- _TASK TO COMPLETE_: The data below is to be written out exactly, with no pictures.

- _SUPPLIED MATERIAL_:
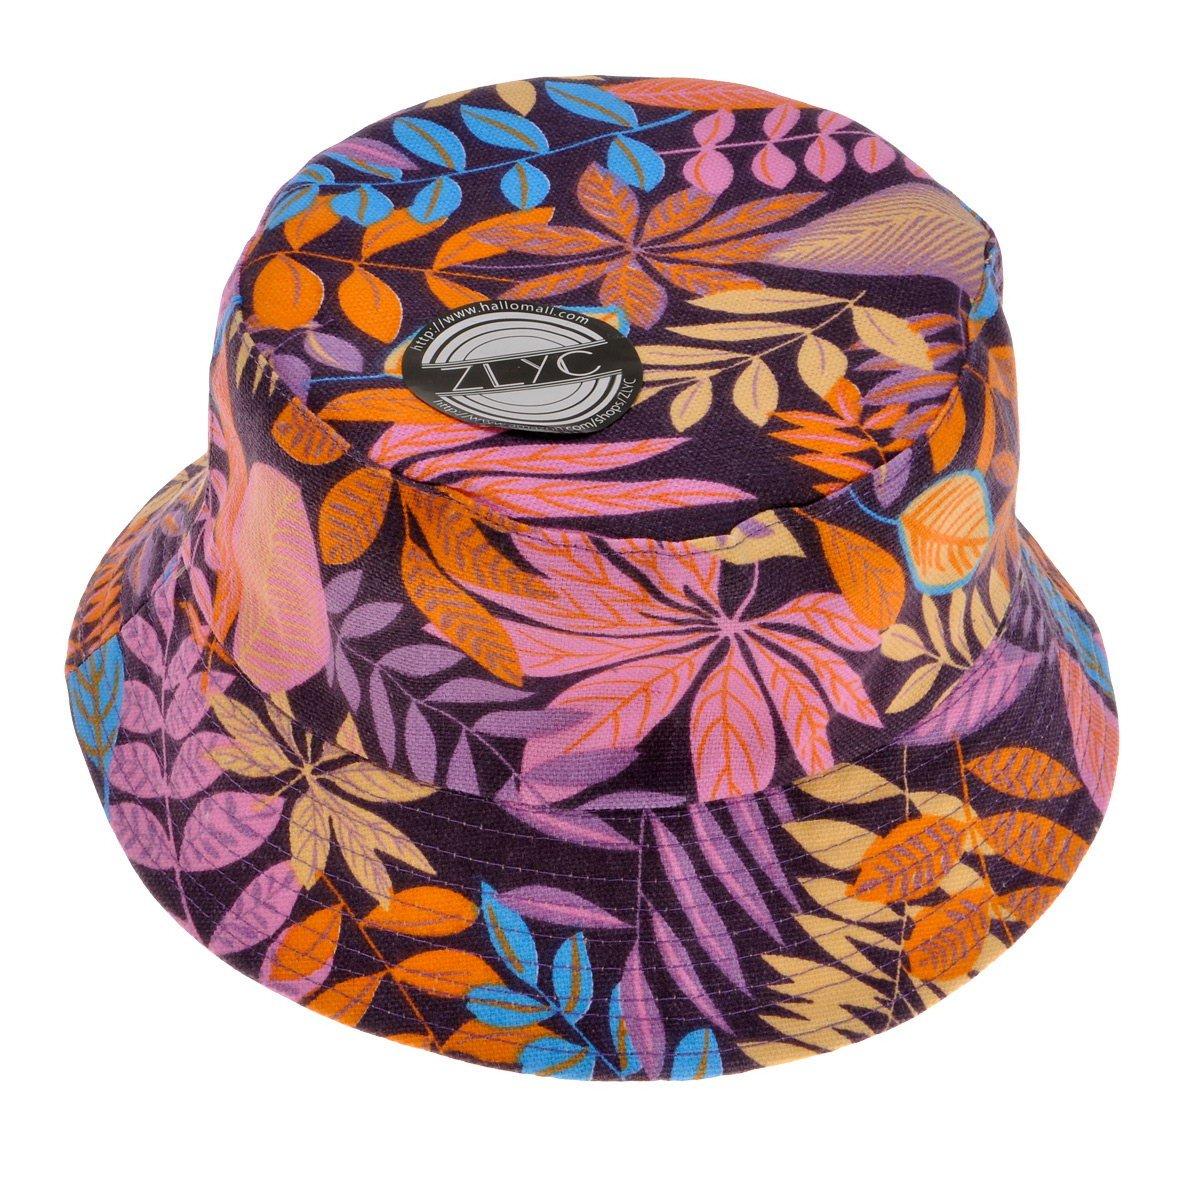 ZLYC Fashion Bucket Hat Summer Fisherman Cap for Women Men Teens ZYJ-MZ-092-RD
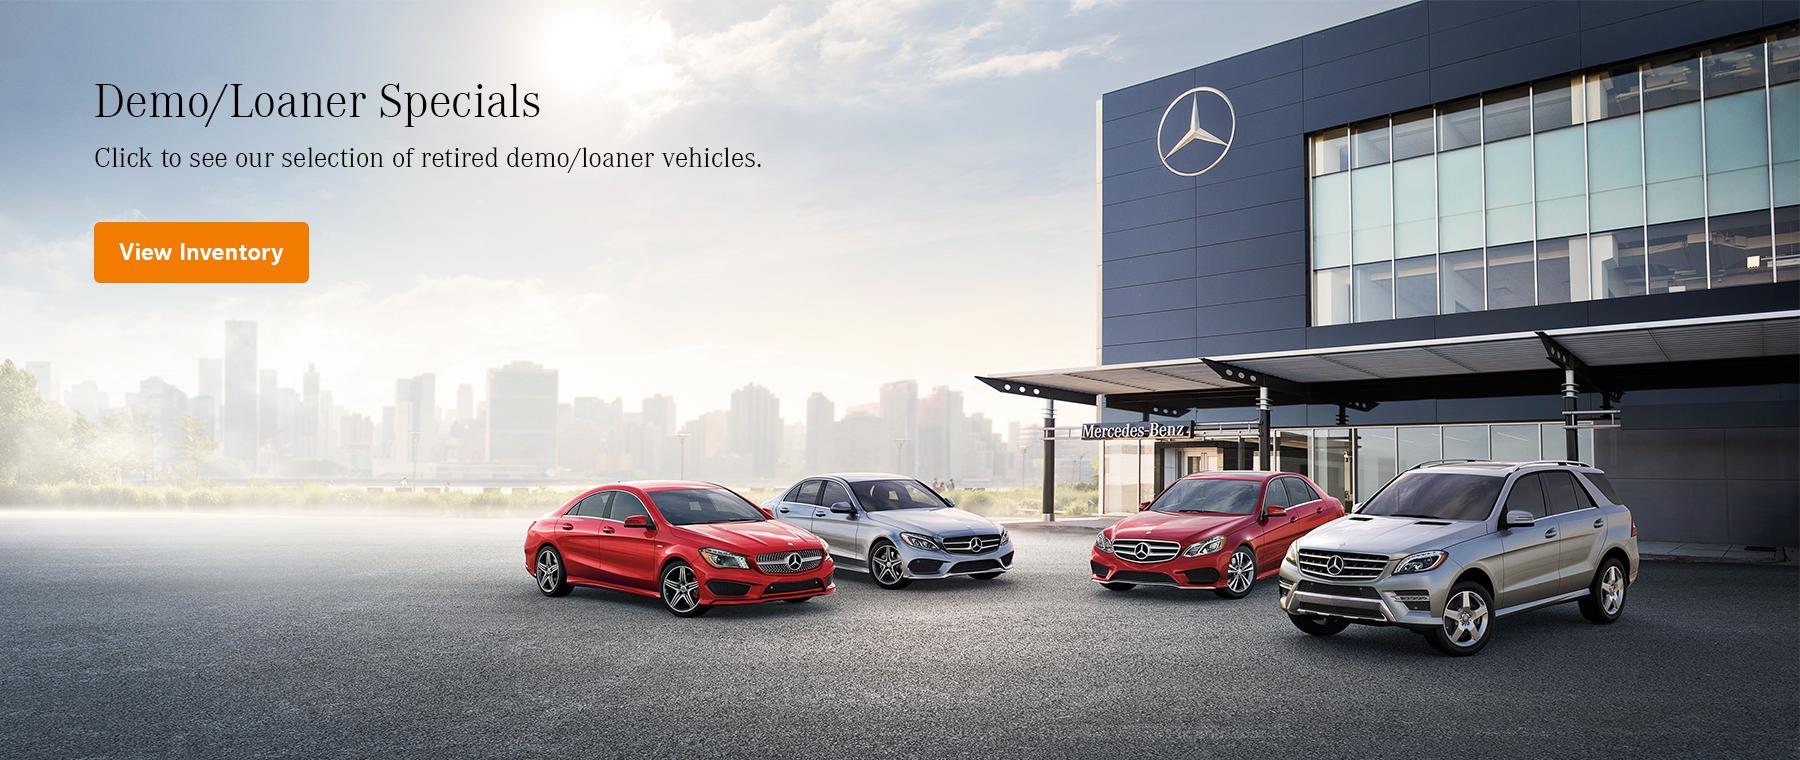 Mercedes benz of midlothian in va new used cars for Midlothian mercedes benz dealer
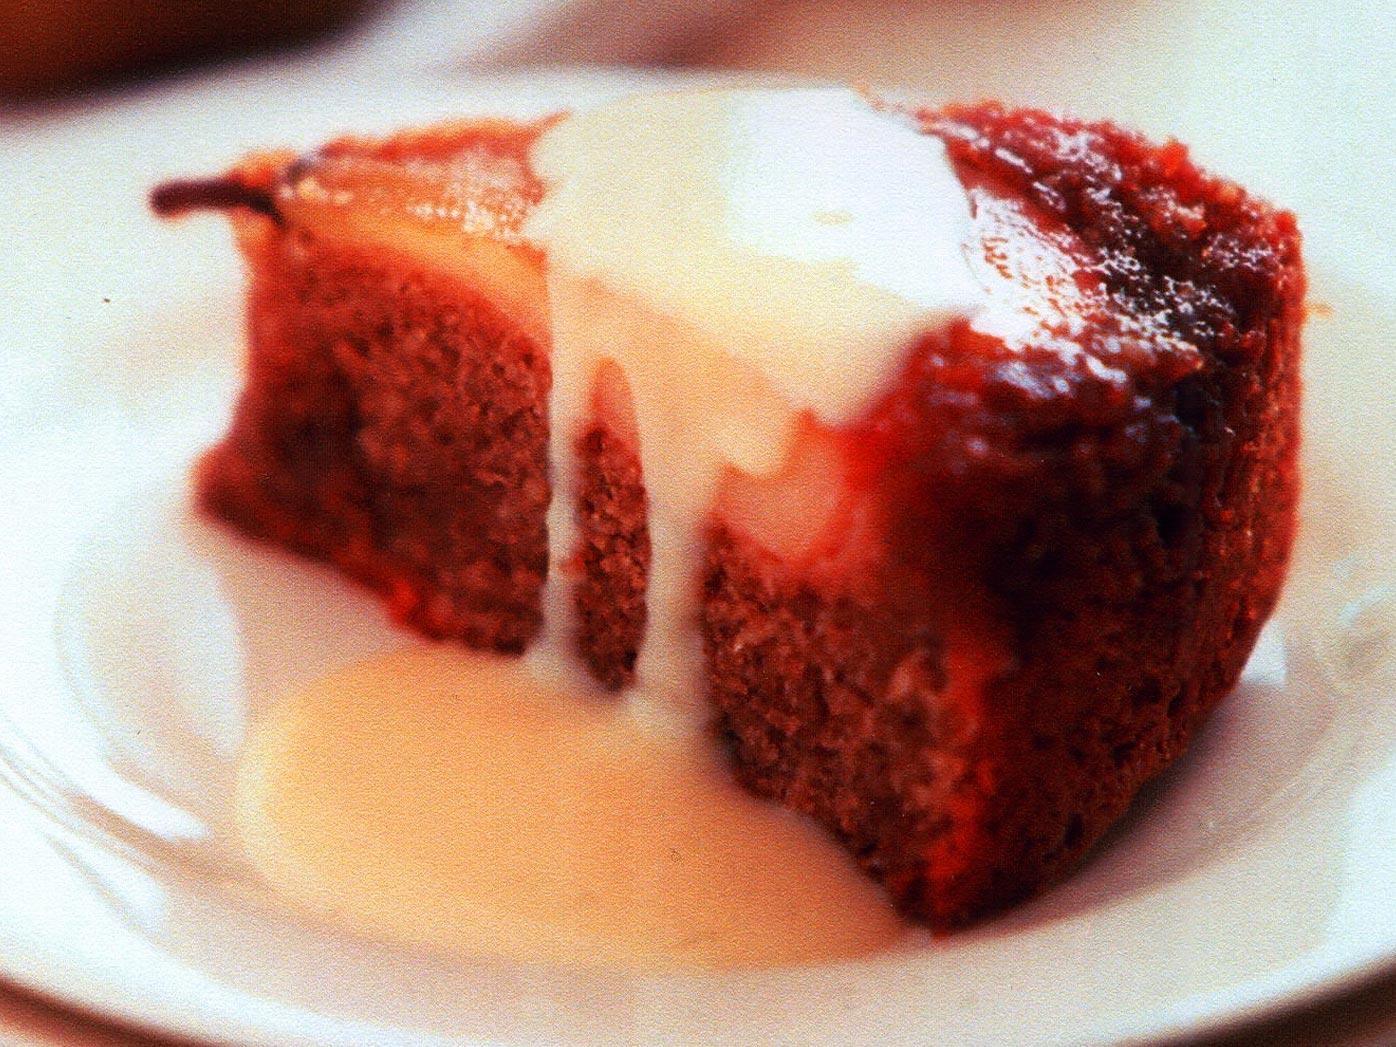 Upside-down pear pudding with vanilla custard
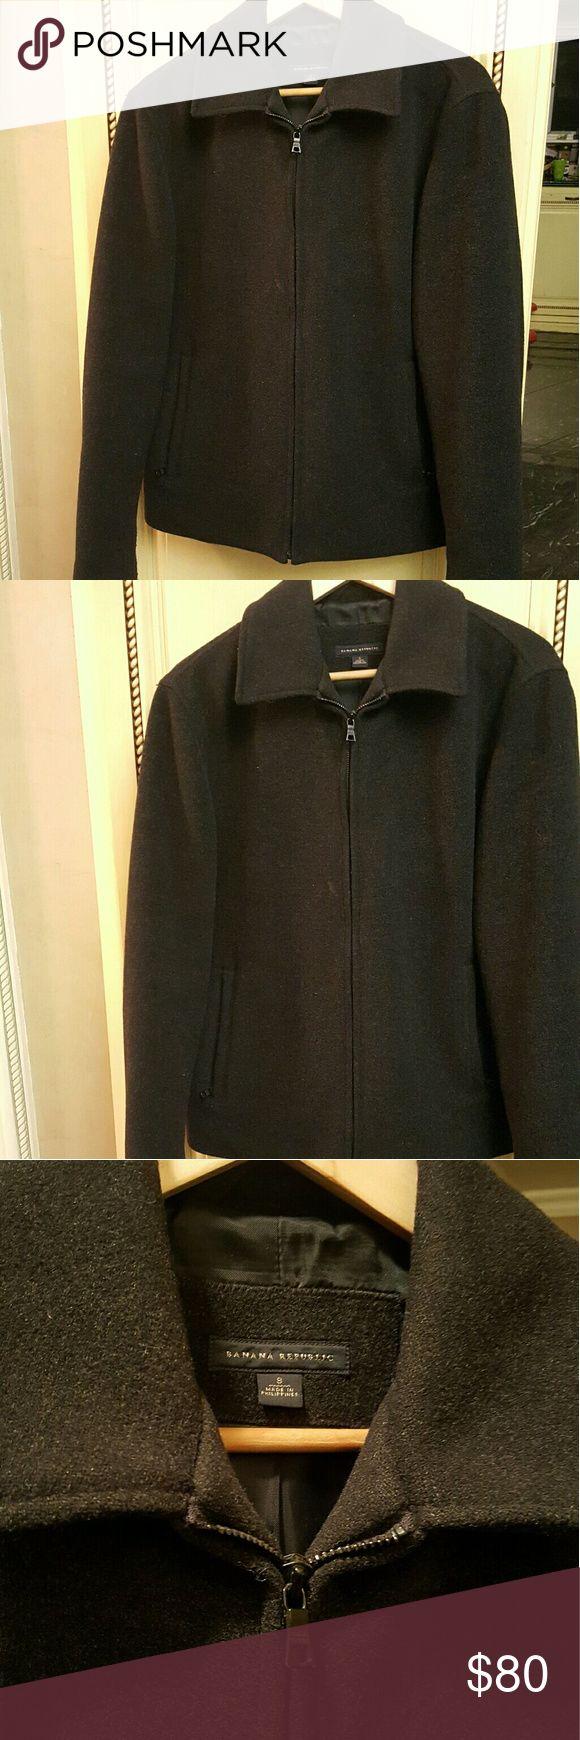 SALE! MENS- Banana Republic Pea coat Mens banana Republic Black Pea coat with 2 zippers pockets in great condition  **2-7bin (storage note to self) Banana Republic Jackets & Coats Pea Coats

- _WORKED SOLUTION_:
 ZLYC Fashion Bucket Hat Summer Fisherman Cap for Women Men Teens ZYJ-MZ-092-RD
 Mercedes benz of midlothian in va new used cars for Midlothian mercedes benz dealer
 Upside-down pear pudding with vanilla custard
 SALE! MENS- Banana Republic Pea coat Mens banana Republic Black Pea coat with 2 zippers pockets in great condition  **2-7bin (storage note to self) Banana Republic Jackets & Coats Pea Coats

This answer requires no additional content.